If the Applicant believes the appointment of a guardian is needed then an Application for Guardianship (under section 20 of the Act) can be made. This process ensures the PRP is afforded procedural fairness. Procedural fairness affords the PRP, the parties and other persons with a proper interest in the matter the right to receive notice of the hearing and to present relevant material to the Board at hearing and, importantly for the PRP, the right to consider whether or not legal representation or advocacy is required.
Alternatively the Applicant can proceed to register the Enduring Guardian Instrument with the Board. If the Enduring Guardian Instrument is in its enduring stage (and medical advice should be obtained to clarify this), then the enduring guardian can make decisions within the powers of the Instrument.
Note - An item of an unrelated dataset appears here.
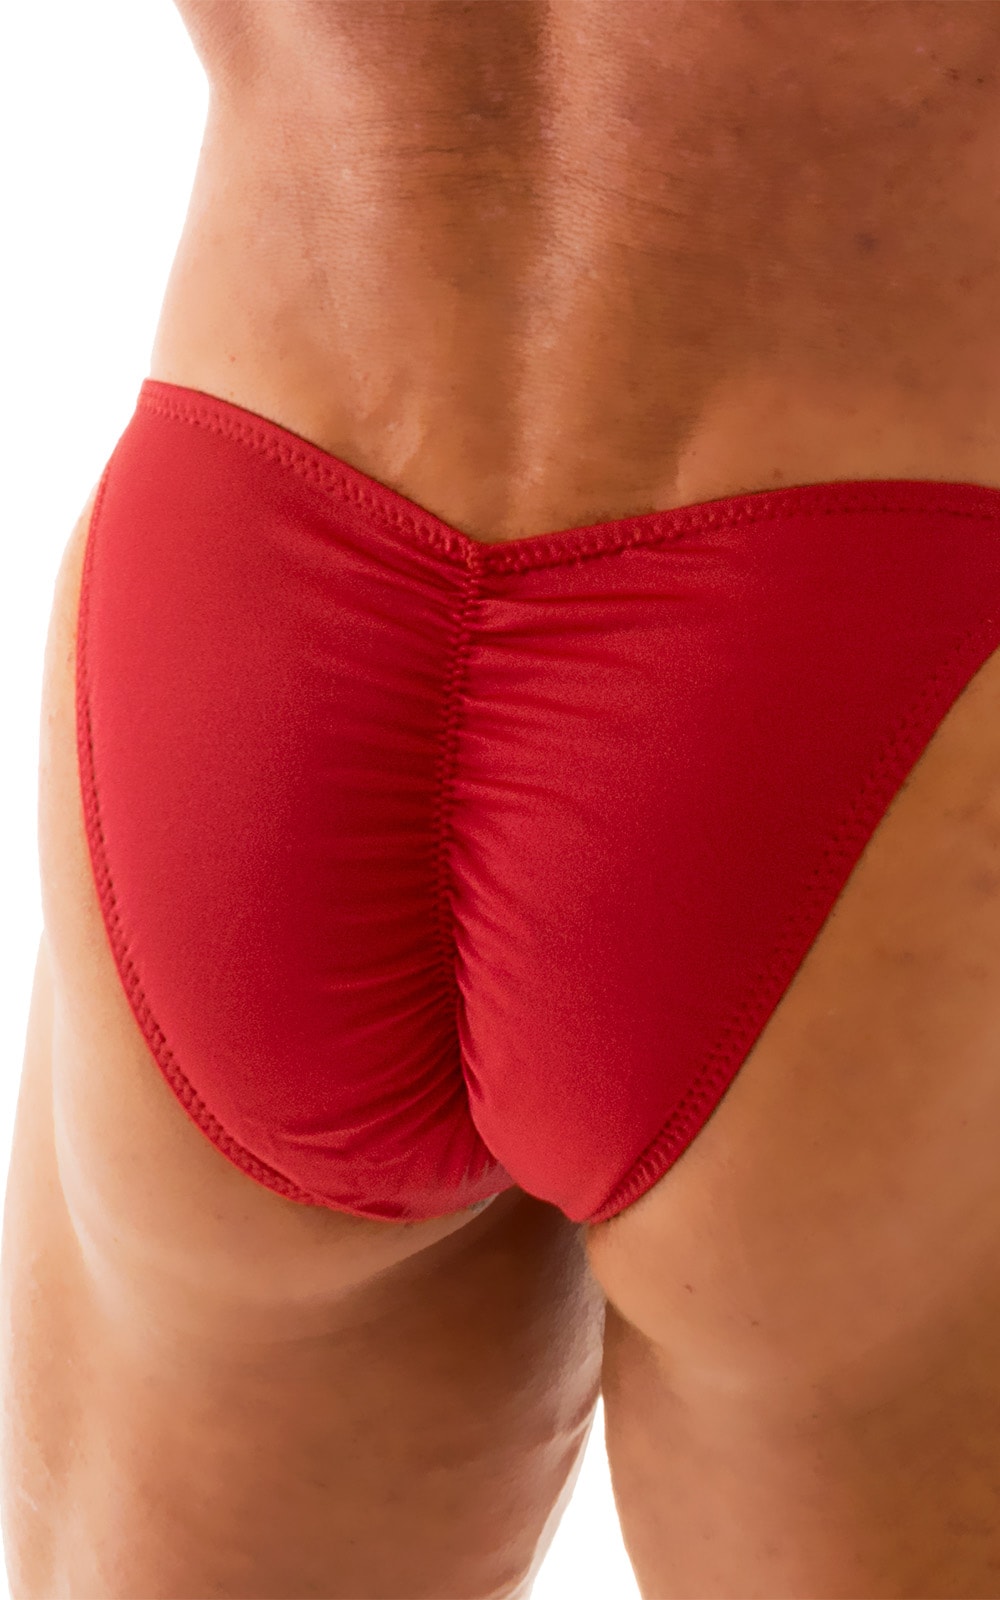 Fitted Pouch - Puckered Back - Bikini in Ruby 4

The Board Registry has not received an Application for Guardianship or an Application for Review of An Enduring Guardian Instrument, with a Health Care Professional Report concerning the PRP. If an Application is made, it will be listed for hearing.
Decision
The Board is not satisfied on the grounds set out above that an emergency guardianship order should be made.
Order
The Board Orders that the Application for an Emergency Guardianship Order is dismissed.